No, I'm not giving in, Serena! But boy I wish I culd get past it. Sigh.



Hey there Wylie, thanks for stopping by! Yes our paths they do cross, don't they? :-) And yes, the 27k word curse definitely qualifies.


Hey Caille! Glad to see you! Yep, people do actually do it, and it just makes me sad. Like I said, I'll ask my CP for advice on a specific scene if it feels like it isn't working as is, but never about what she thinks should happen later in the book.

Angie said...

We used to call it the "sagging middle" on GEnie RomEx. Sounds like the same thing. :P And yeah, sometimes the only thing you can do is bull on through and fix it later, although I think it depends what level the problem is at. If it's something at the foundation level (that is, what's happening and where the plot's actually going) then it needs to be fixed before you do anything else, or whatever you write beyond that point might well have to be completely scrapped once the problem is fixed "later," which always sucks. If you know what's going to happen, though, and it's just a matter of getting the narrative to flow or getting the dialogue to sound realistic or something like that -- just wallpaper, or even sheetrock, rather than foundation -- then yes, that's always very fixable later. [nod]

Luck! :)

Angie

Gabriele Campbell said...

Exactly, Stacie. Are the paragraphs too long? Not, should I have Madalric escape or not? :)

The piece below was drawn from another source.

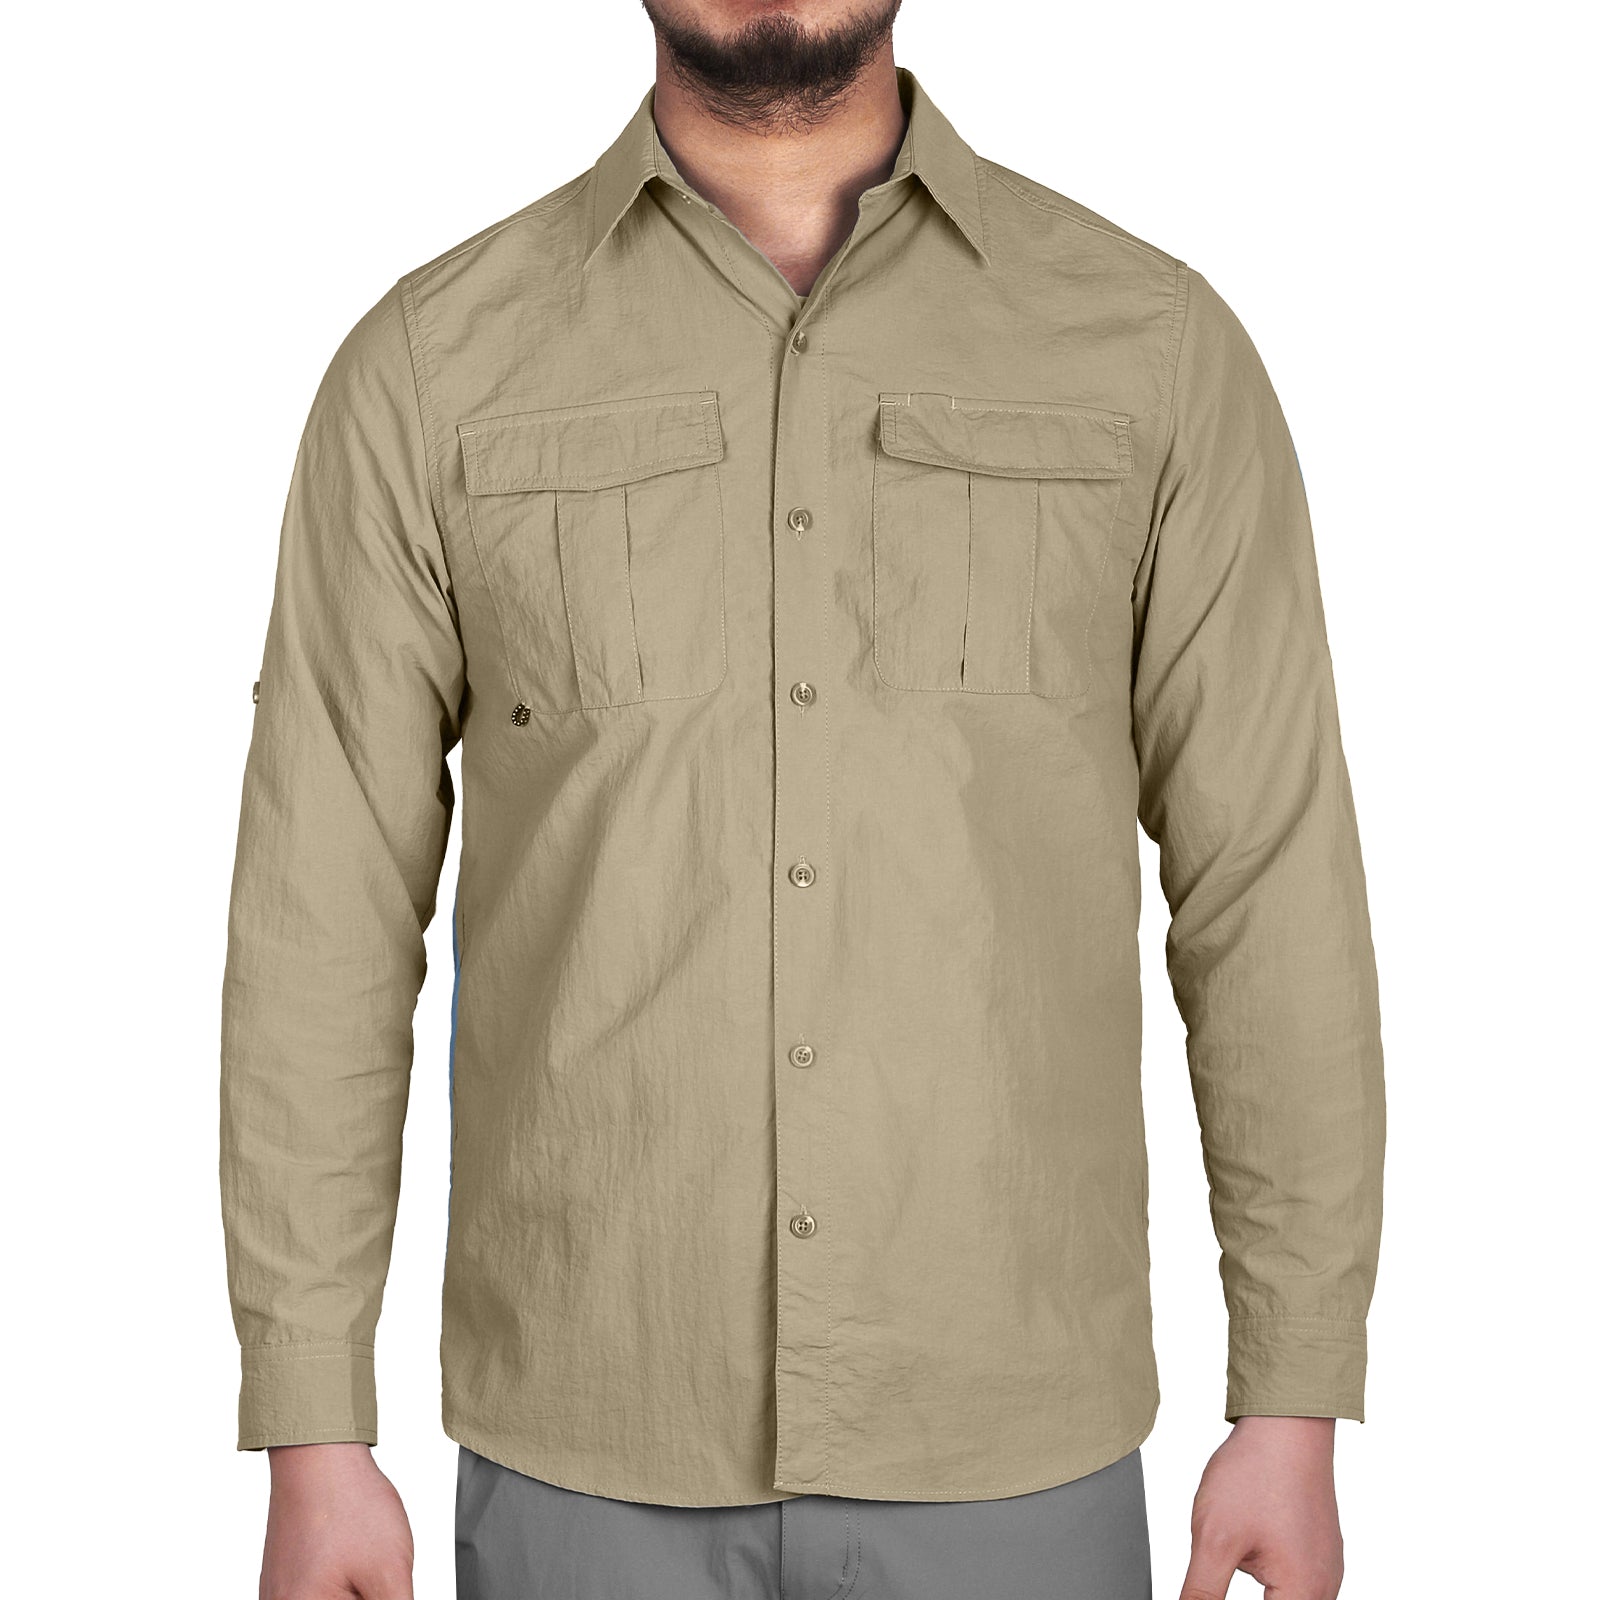 Men's Upf 50+ Quick Dry Long Sleeve Camouflage Camo Fishing Shirts - China  Camo Fishing Shirts and Hiking T-Shirts UV Sun Protection price

But we get the second type in FM writer's chat a lot, mostly newbies.

Rebecca said...

I remember writing my first book and being SO naively optimistic. THis is GREAT, I thought, I can really write. I'm gonna be a famous author.

10 billion rejections later - and a steep learning curve in my writing - and I think it's lucky you don't know how long a journey it is when you first start. very lucky!!!